First months good for prices

All in all, 2019 has been a particularly good year for oil prices, with ANS crude gaining as much as $15 since the beginning of the year. This is primarily due to tight supplies, which were brought about by several factors, including:

* U.S. sanctions leading to a significant drop in exports from Iran, taking a chunk of supply off the markets.

* OPEC’s production controls supporting prices, which are expected to remain in effect for all of 2019.

* Declining output from Russia.

“Much of the tightening of the oil market is due to geopolitics, particularly recently,” Morgan Stanley analysts say in a research note. “We expect this will last for several quarters, but this is nevertheless a fickle basis for an oil price rally. Take that out of the equation and the oil market outlook would be very different.”

There is no doubt that oil prices are subject to periodic influences such as the May 23 impact from a surprise jump in U.S. crude supplies and the IEA trimming its oil demand growth forecast.

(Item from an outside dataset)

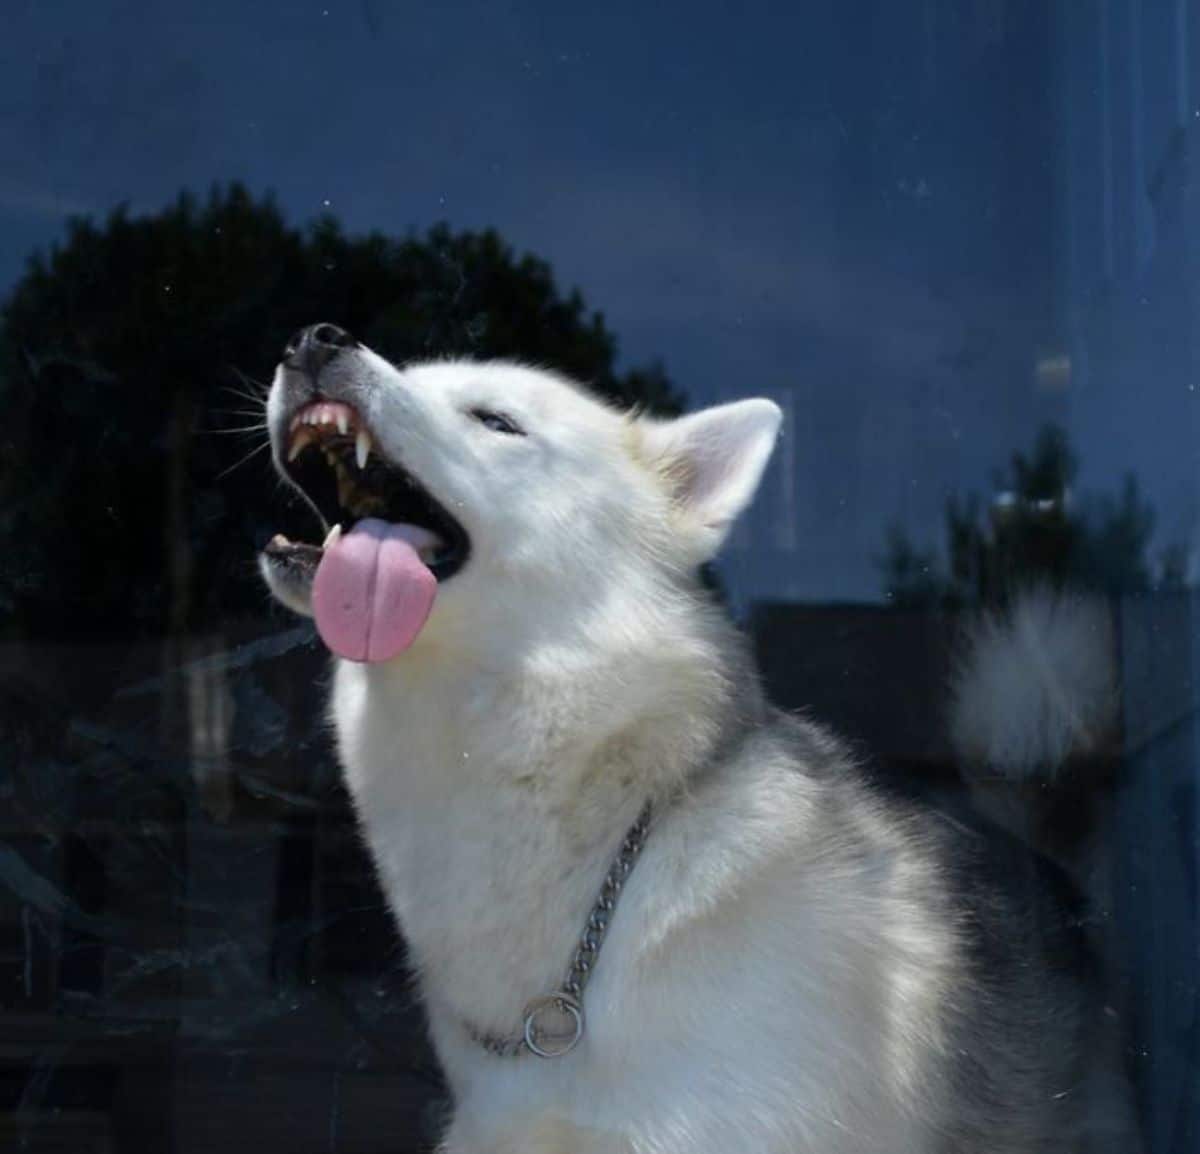 white and grey dog licking a glass while sitting sideways

Investors should get accustomed to “a hell of a lot of volatility,” ConocoPhillips’ Chief Executive Officer Ryan Lance said during an industry conference in Houston on May 23. Global oil markets generally remain “well supplied” but are “thinly balanced” between supply and demand.

“If we see $80 we kind of tell people: Be prepared, you might see $40 or $50 on the back end,” Lance told the Association of International Petroleum Negotiators. “Cycles are getting shorter, the peaks and troughs are getting significant.”